Defensive sector ETFs such as utilities, consumer staples and healthcare leading the market in 2013 have turned into laggards the past couple weeks.
It’s too early to say whether this is a full-blown rotation to cyclical stocks, but the seeds have been planted for a potential trend change.
Eddy Elfenbein at the Crossing Wall Street blog notes that defensive consumer stocks have performed very well year this but their relative performance has suffered a dramatic turn back since April 19.
“It’s unusual, but not unheard of, for defensive stocks to lead a rally,” he wrote. “The post-election rally seems to have continued in stride with a quick change in leadership. The change occurred just after the big plunge in gold.”
Investors could be moving away from traditionally defensive sectors that have been bid up to overvalued levels.
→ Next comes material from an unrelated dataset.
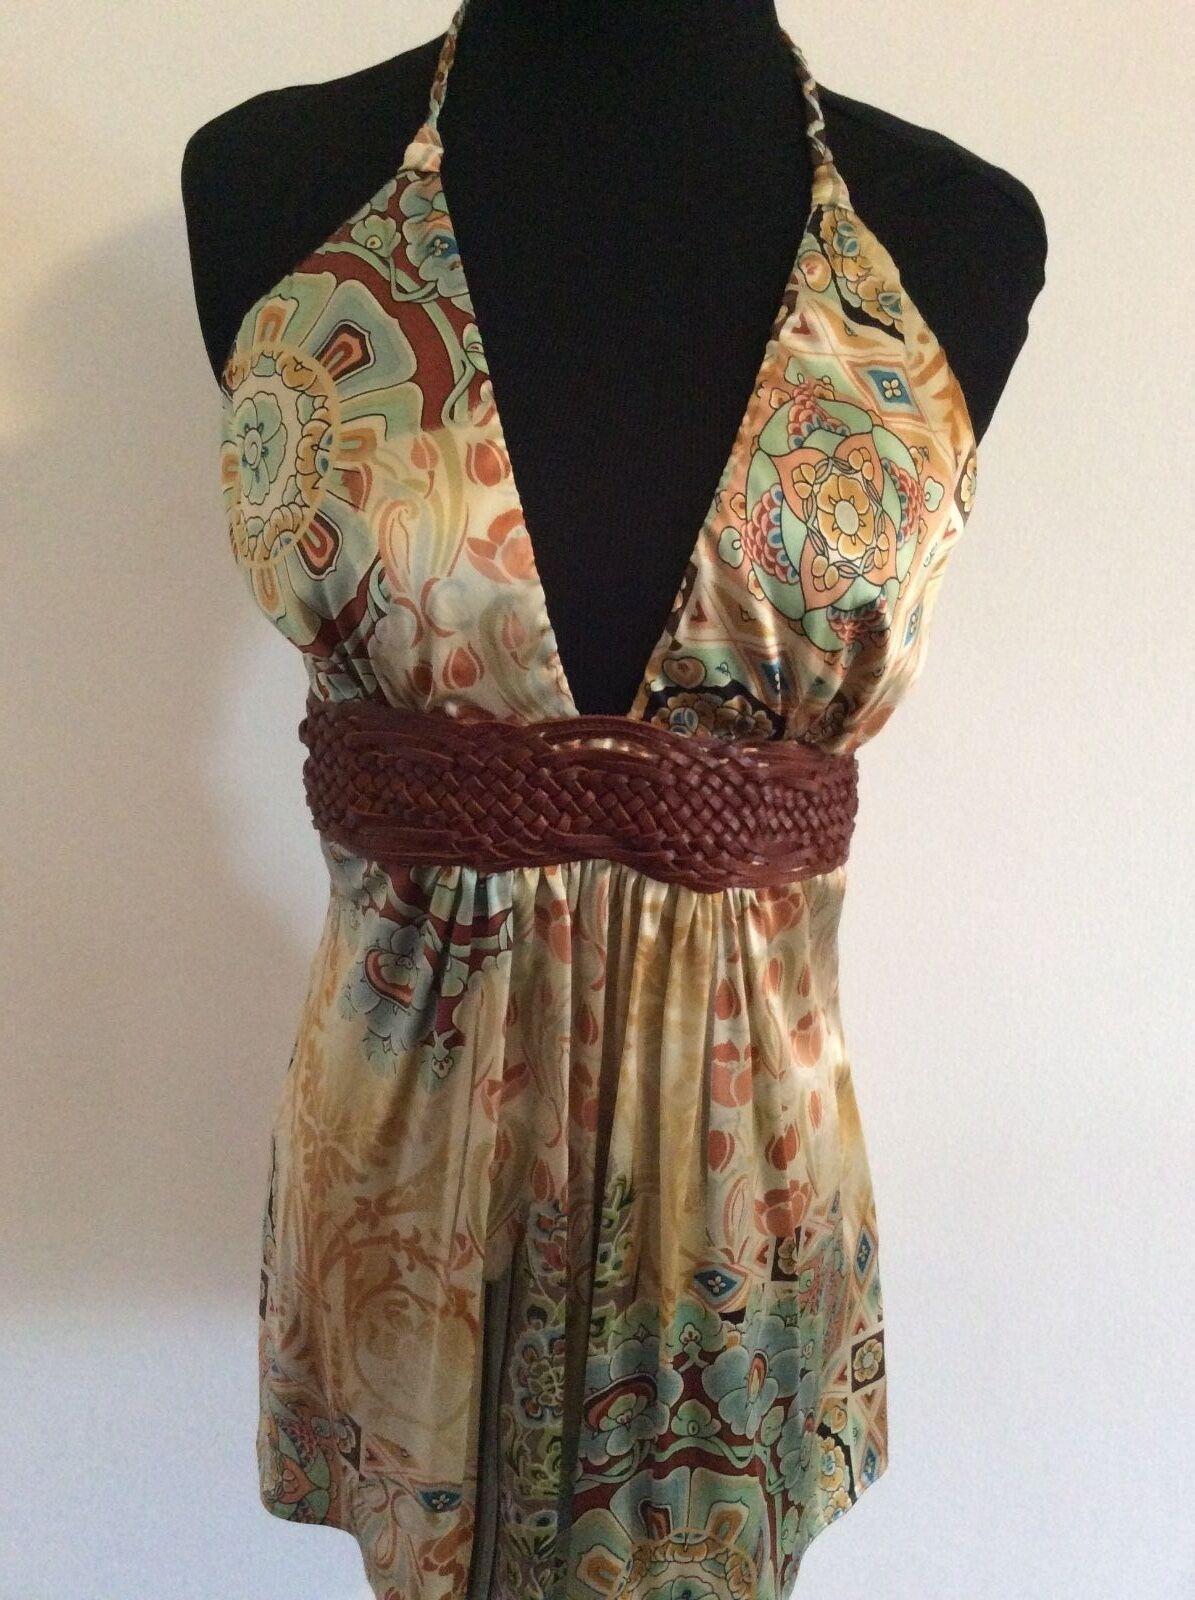 NWT SKY NEW silk halter top leather braid accent L Large ladies elegant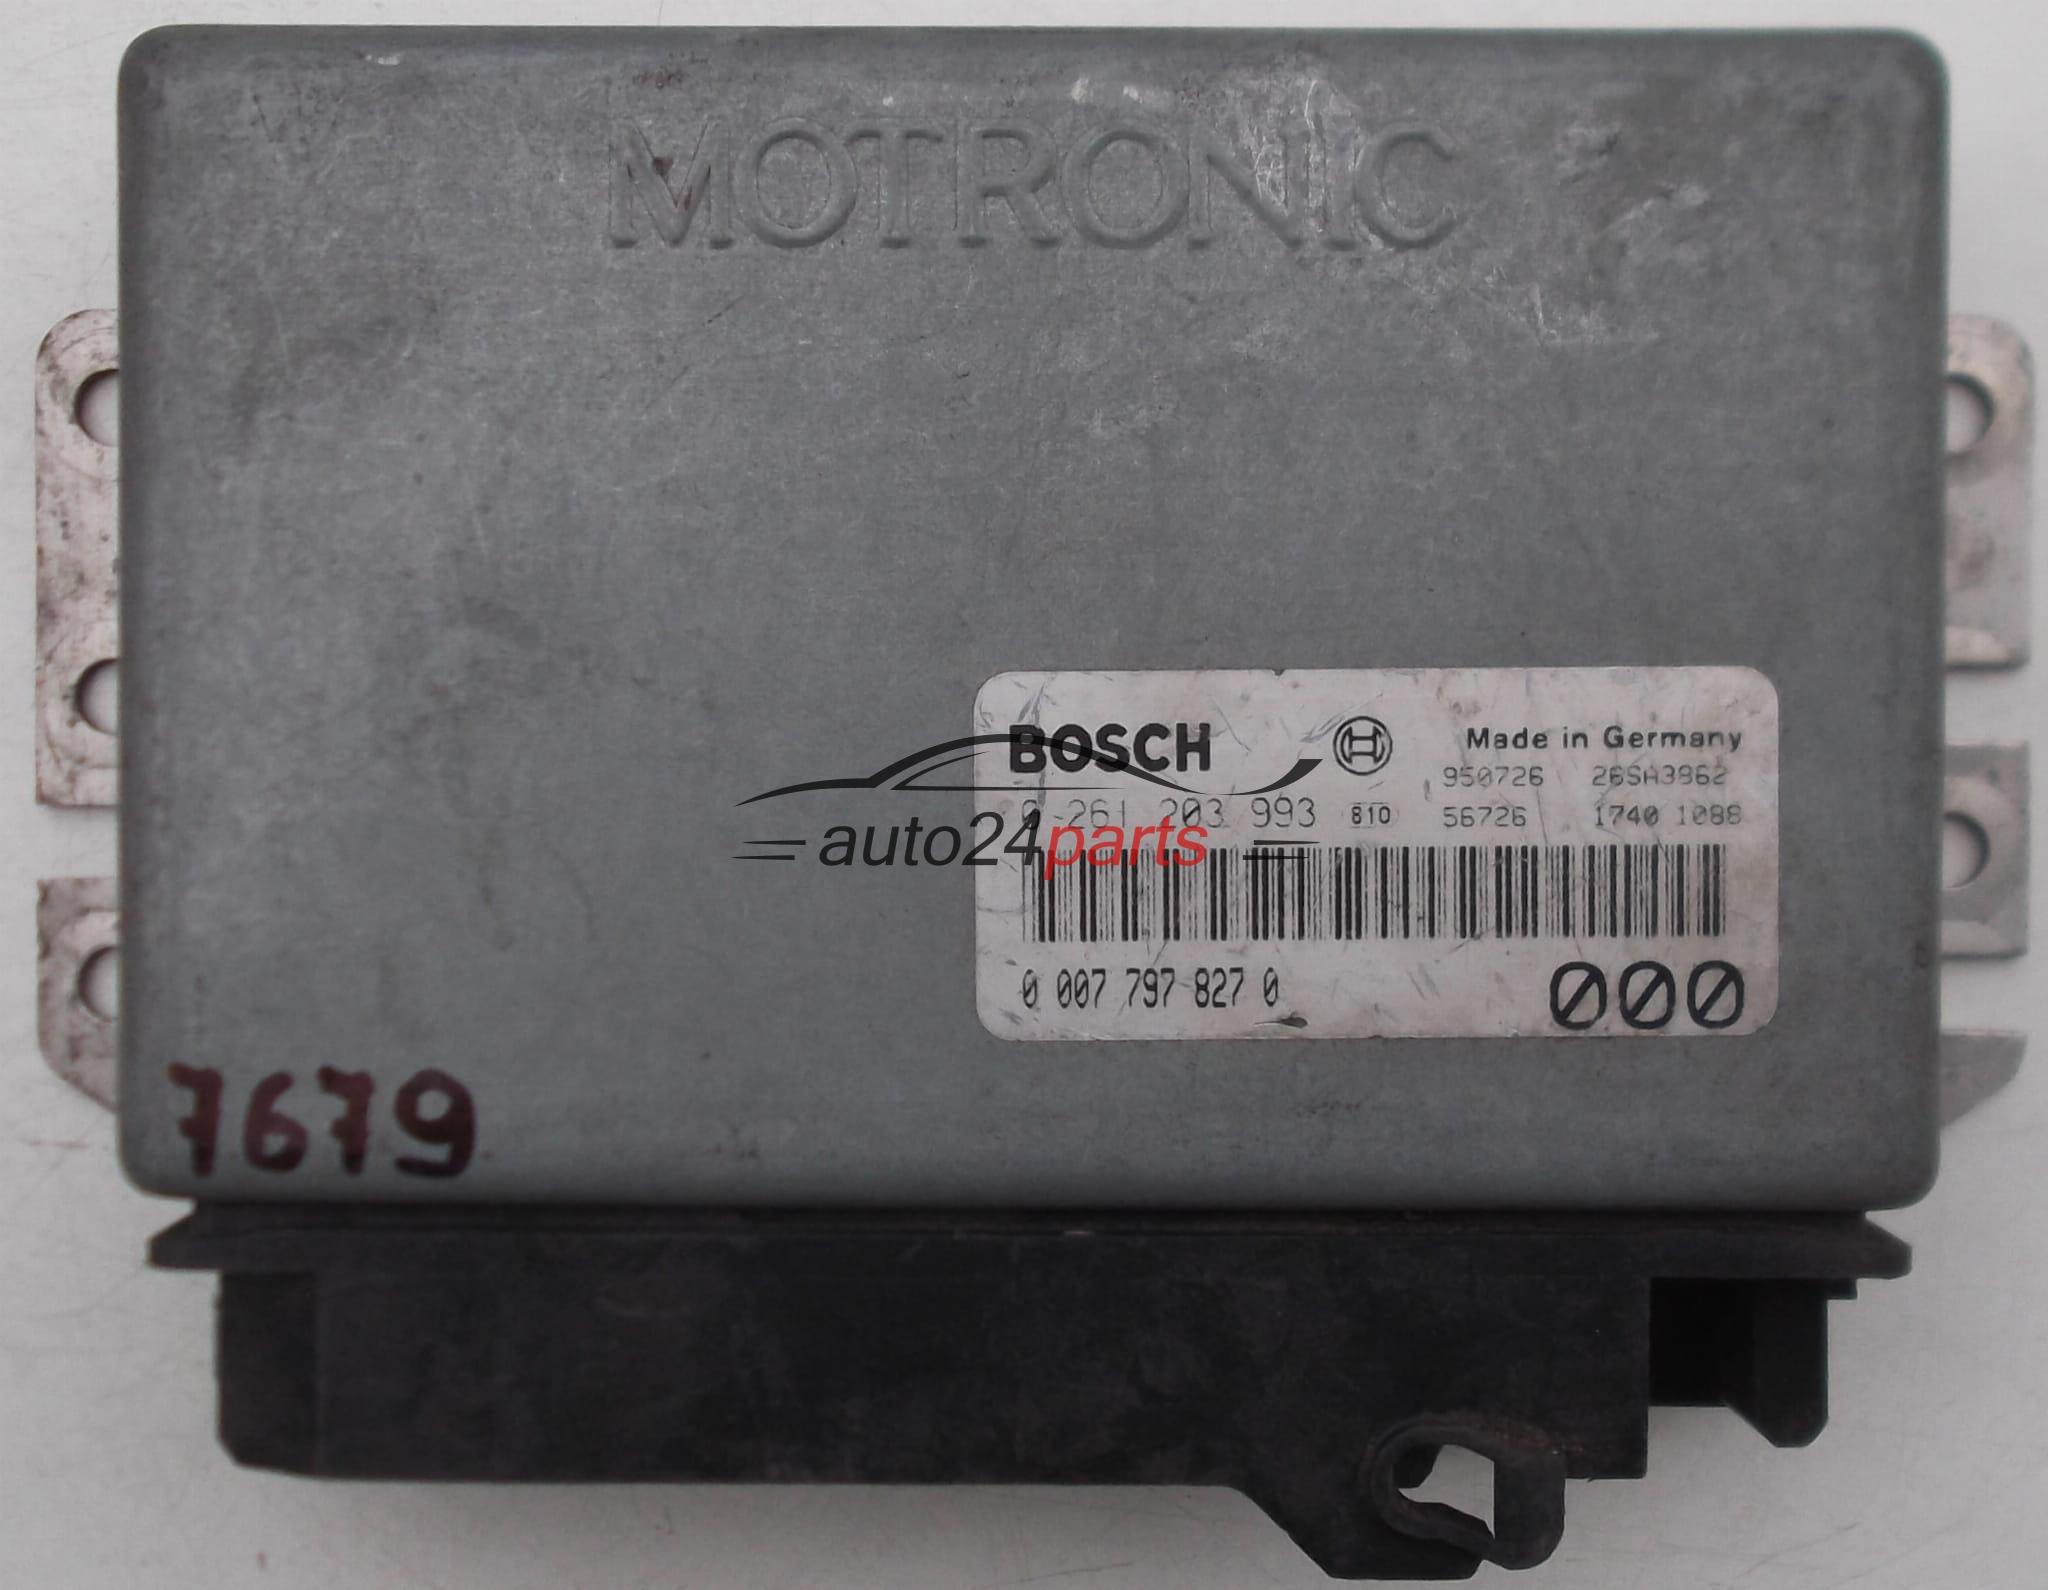 ECU ENGINE CONTROLLER ALFA ROMEO 155 1 8 TS 2 0 TS BOSCH 0 261 203

Cyclical sector ETFs for energy, technology and materials have been outperforming since mid-April.
“Investors searching for higher yields are driving up the shares of dividend-paying companies, fueling a debate over whether these traditional haven stocks are getting dangerously expensive,” according to a recent Wall Street Journal report. “Some buyers argue that dividend stocks have entered a period where demand for income will keep valuations high, perhaps for years, thanks to Federal Reserve easy-money policies that are expected to remain in place at least into 2015. Skeptics say the ‘this time is different’ thesis will prove wrong, and that investors will discover they have overpaid.”
The chart below shows the year-to-date performance of the nine Select Sector SPDR ETFs versus the S&P 500. Consumer staples, healthcare and utilities have done well, but that edge has been slipping lately.
The relative performance charts of some of the sector ETFs against the S&P 500 show things have changed in recent weeks.